Here is my slapd.ldif with the password redacted ...

#

# See slapd-config(5) for details on configuration options.

# This file should NOT be world readable.

#

dn: cn=config

objectClass: olcGlobal

cn: config

#

#

# Define global ACLs to disable default read access.

#

olcArgsFile: /usr/local/var/run/slapd.args

olcPidFile: /usr/local/var/run/slapd.pid

#

# Do not enable referrals until AFTER you have a working directory

# service AND an understanding of referrals.

#olcReferral: ldap://root.openldap.org

#

# Sample security restrictions

# Require integrity protection (prevent hijacking)

# Require 112-bit (3DES or better) encryption for updates

# Require 64-bit encryption for simple bind

#olcSecurity: ssf=1 update_ssf=112 simple_bind=64

#

# Load dynamic backend modules:

#

dn: cn=module,cn=config

objectClass: olcModuleList

cn: module

olcModulepath: /usr/local/libexec/openldap

olcModuleload: back_mdb.la

#olcModuleload: back_ldap.la

#olcModuleload: back_passwd.la

dn: cn=schema,cn=config

objectClass: olcSchemaConfig

cn: schema

include: file:///usr/local/etc/openldap/schema/core.ldif

#moose

include: file:///usr/local/etc/openldap/schema/cosine.ldif

include: file:///usr/local/etc/openldap/schema/nis.ldif

include: file:///usr/local/etc/openldap/schema/inetorgperson.ldif

# Frontend settings

#

dn: olcDatabase=frontend,cn=config

objectClass: olcDatabaseConfig

objectClass: olcFrontendConfig

olcAccess: {0}to dn.base="" by * read

olcAccess: {1}to dn.base="cn=Subschema" by * read

olcDatabase: frontend

#

# Sample global access control policy:

# Root DSE: allow anyone to read it

# Subschema (sub)entry DSE: allow anyone to read it

# Other DSEs:

# Allow self write access

# Allow authenticated users read access

# Allow anonymous users to authenticate

#

#olcAccess: to dn.base="" by * read

#olcAccess: to dn.base="cn=Subschema" by * read

#olcAccess: to *

# by self write

# by users read

# by anonymous auth

#

# if no access controls are present, the default policy

# allows anyone and everyone to read anything but restricts

# updates to rootdn. (e.g., "access to * by * read")

#

# rootdn can always read and write EVERYTHING!

#

#######################################################################

# LMDB database definitions

#######################################################################

#

dn: olcDatabase=mdb,cn=config

objectClass: olcDatabaseConfig

objectClass: olcMdbConfig

olcDatabase: mdb

olcDbMaxSize: 1073741824

olcSuffix: dc=my-domain,dc=com

olcRootDN: cn=Manager,dc=my-domain,dc=com

# Cleartext passwords, especially for the rootdn, should

# be avoided. See slappasswd(8) and slapd-config(5) for details.

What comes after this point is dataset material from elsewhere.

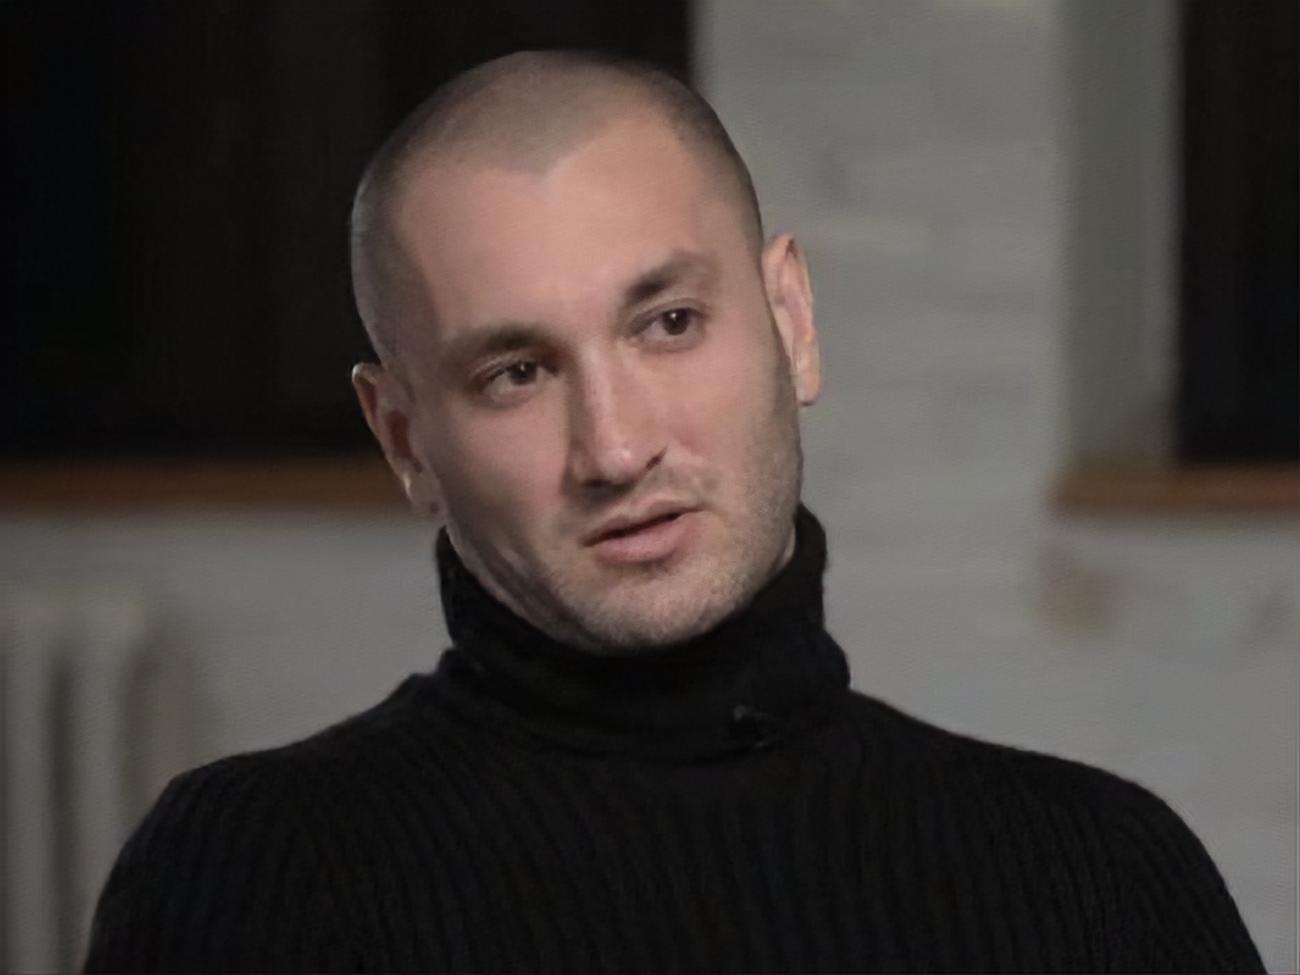 Бардаш загремел в базу "Миротворец" за скандальные заявления о Донбассе в интервью Дудю

# Use of strong authentication encouraged.

olcRootPW: PASSWORDNOTHERE

# The database directory MUST exist prior to running slapd AND

# should only be accessible by the slapd and slap tools.

# Mode 700 recommended.

olcDbDirectory: /usr/local/var/openldap-data

# Indices to maintain

olcDbIndex: objectClass eq

dn: olcDatabase=monitor,cn=config

objectClass: olcDatabaseConfig

olcDatabase: monitor

olcRootDN: cn=config

olcMonitoring: FALSE

dn: olcDatabase=mdb,cn=config

objectClass: olcDatabaseConfig

objectClass: olcMdbConfig

olcDatabase: mdb

olcDbDirectory: /var/lib/ldap

olcSuffix: ou=people,o=emich.edu

olcAccess: {0}to attrs=userPassword by self write by * auth

olcAccess: {1}to attrs=shadowLastChange by self write by * read

olcAccess: {2}to attrs=userPKCS12 by self read by * none

olcAccess: {3}to * by * read

olcRootDN: cn=Administrator,ou=people,o=emich.edu

olcDbCacheSize: 10000

olcDbCheckpoint: 1024 5

olcDbMaxSize: 1073741824

olcSizeLimit: 50000

#olcDbConfig: {0}set_cachesize 0 15000000 1

#olcDbConfig: {1}set_lg_regionmax 262144

#olcDbConfig: {2}set_lg_bsize 2097152

#olcDbConfig: {3}set_flags DB_LOG_AUTOREMOVE

#olcDbConfig: {4}set_lk_max_locks 30000

#olcDbConfig: {5}set_lk_max_objects 30000

#olcDbIDLcacheSize: 30000

olcDbIndex: objectclass eq

olcDbIndex: uidNumber eq

olcDbIndex: gidNumber eq

olcDbIndex: member eq

olcDbIndex: memberUid eq

olcDbIndex: mail eq

olcDbIndex: cn eq,sub

olcDbIndex: displayName eq,sub

olcDbIndex: uid eq,sub

olcDbIndex: sn eq,sub

olcDbIndex: givenName eq,sub

structuralObjectClass: olcMdbConfig

entryUUID: b3baae2c-f8f6-1035-90eb-91daf978c9c3

creatorsName: cn=config

createTimestamp: 20160817184650Z

olcRootPW:: PASSWORDNOTHERE

entryCSN: 20160919185226.957088Z#000000#000#000000

modifiersName: cn=config

modifyTimestamp: 20160919185226Z

Thanks, Matt

On Tue, Feb 7, 2023 at 10:03 AM Quanah Gibson-Mount quanah@fast-mail.org wrote:

--On Monday, February 6, 2023 4:58 PM -0500 Matthew Goebel mgoebel@emich.edu wrote:

...

directory8.emich.edu : redhat ES 8 : hand rolled from source code ldap

[root@directory8.emich.edu:/root]# /usr/local/libexec/slapd -V

@(#) $OpenLDAP: slapd 2.6.X (Nov 15 2022 16:59:29) $

That's the engineering branch. It's not advised to run development code in production.

...

I can't seem to do global anonymous searches?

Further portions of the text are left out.